In 2012, I joined Direct Line Group’s motor team to help build a telematics insurance product. The idea was simple: use real driving data to move beyond crude proxies—age, postcode, occupation—and price risk based on how people actually drive.

Executive Summary

"We measured exposure and called it behavior. We measured compliance and called it quality. We built crash detection that catches the crashes we'd have heard about through a phone call anyway."

That's how InsureVision's Dan Freedman sums up his view of where telematics has gone wrong in applications to commercial auto insurance.

Freedman spent years on the inside of telematics, building one of the UK's largest telematics insurance products. He believed in it, as did most people in the industry. But having lived through the experience of what telematics promised and what it ultimately delivered, he now believes the industry measured the wrong things.
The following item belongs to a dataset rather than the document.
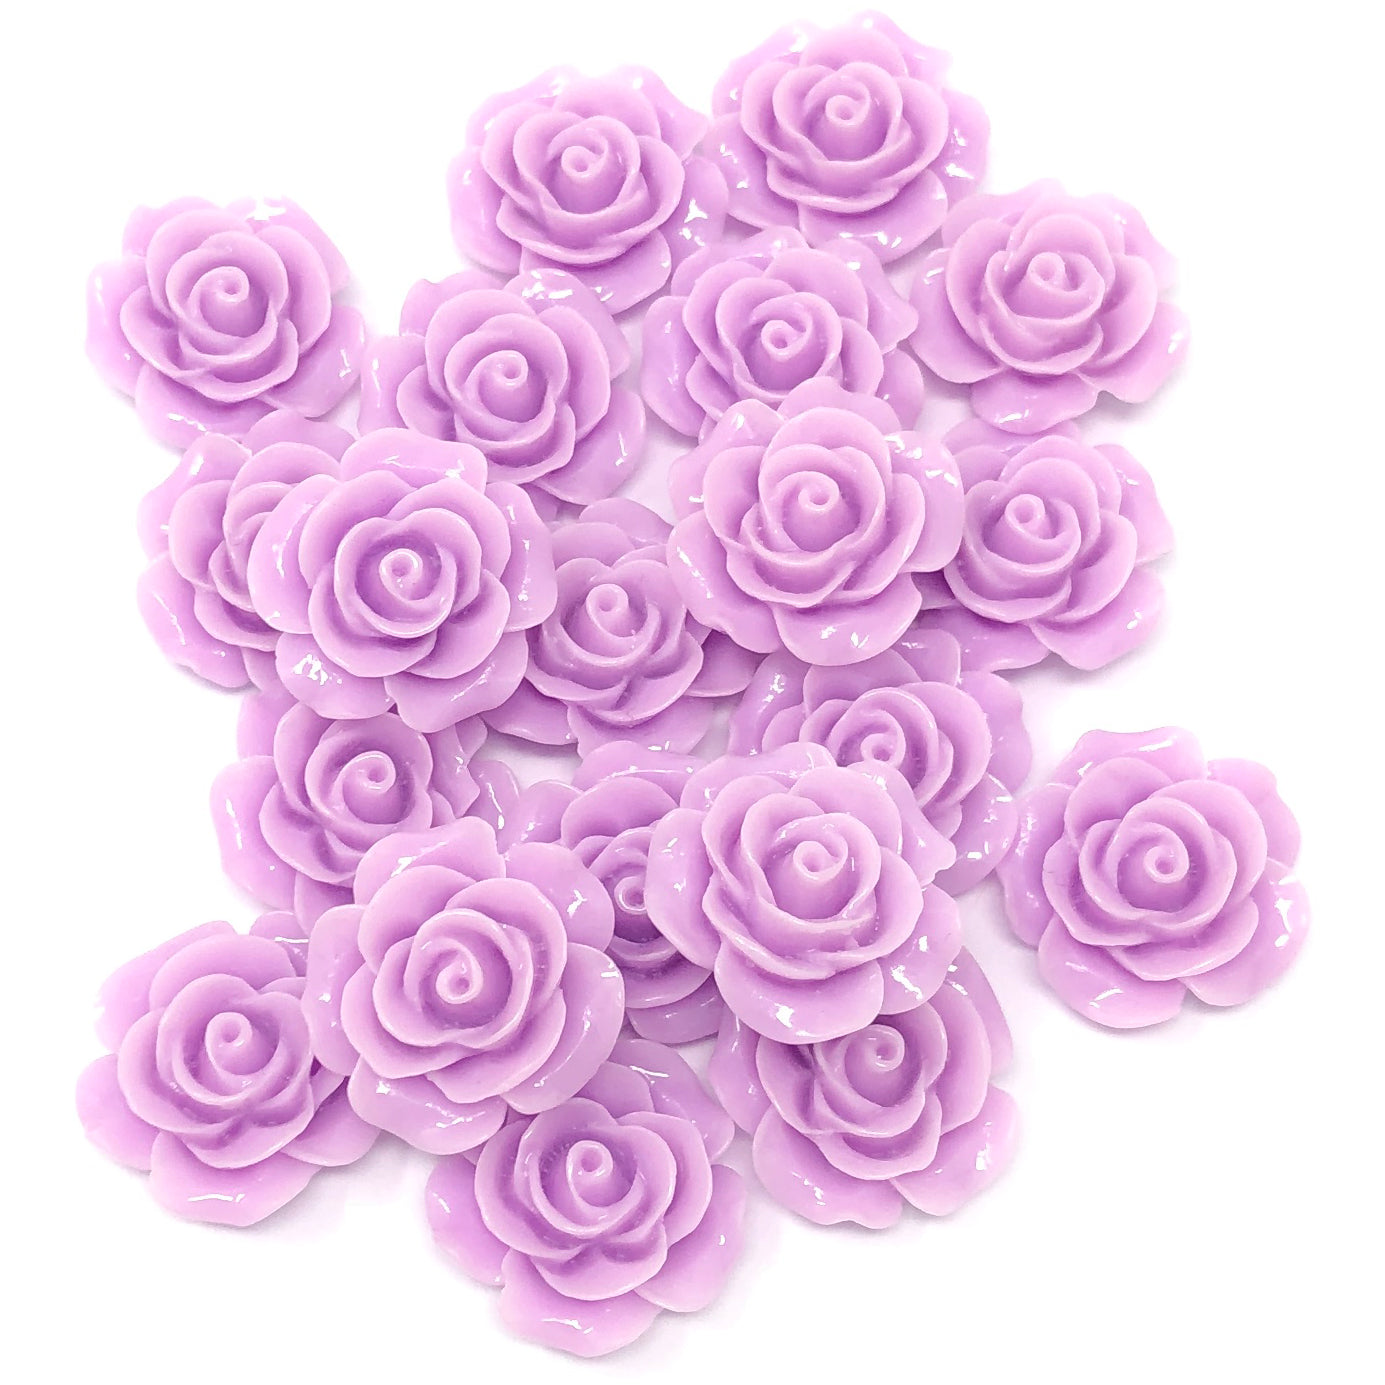 Lilac 20mm Resin Roses Flatbacks - Pack of 20

But hope is not lost, he suggests, reporting that AI processing video footage has changed fundamentally in the last three years.

I believed in it. Most people working in insurance technology at the time did.

Fourteen years on, I think we owe ourselves an honest look at what telematics delivered and what it didn’t, because the gap between what we promised and what we built has real consequences—especially for carriers writing commercial auto.

We said we were measuring behavior, but we were mostly measuring exposure.

The headline metric was harsh braking. Sounds intuitive; drivers who brake sharply are driving less well, right?

Not quite. Harsh braking frequency is dominated by factors that have nothing to do with individual skill. Drive through a city at rush hour and you’ll log far more harsh braking events than the same driver on an empty road at 6 a.m.

These are variables that do predict claim frequency: how much the vehicle is driven, where it is driven, and when it is driven. Commercial underwriters already capture much of this through proxies at bind, including business location, operating radius, industry class, client base, cargo type and hours of operation. A 2025 Risks study of around 100,000 Italian policyholders is a useful warning: Harsh braking looked significant in some univariate analysis, but once the authors adjusted for actual kilometers driven it was no longer significant. So, telematics confirms what underwriters already know, continuously and at finer resolution. That has genuine value, but that value is incremental.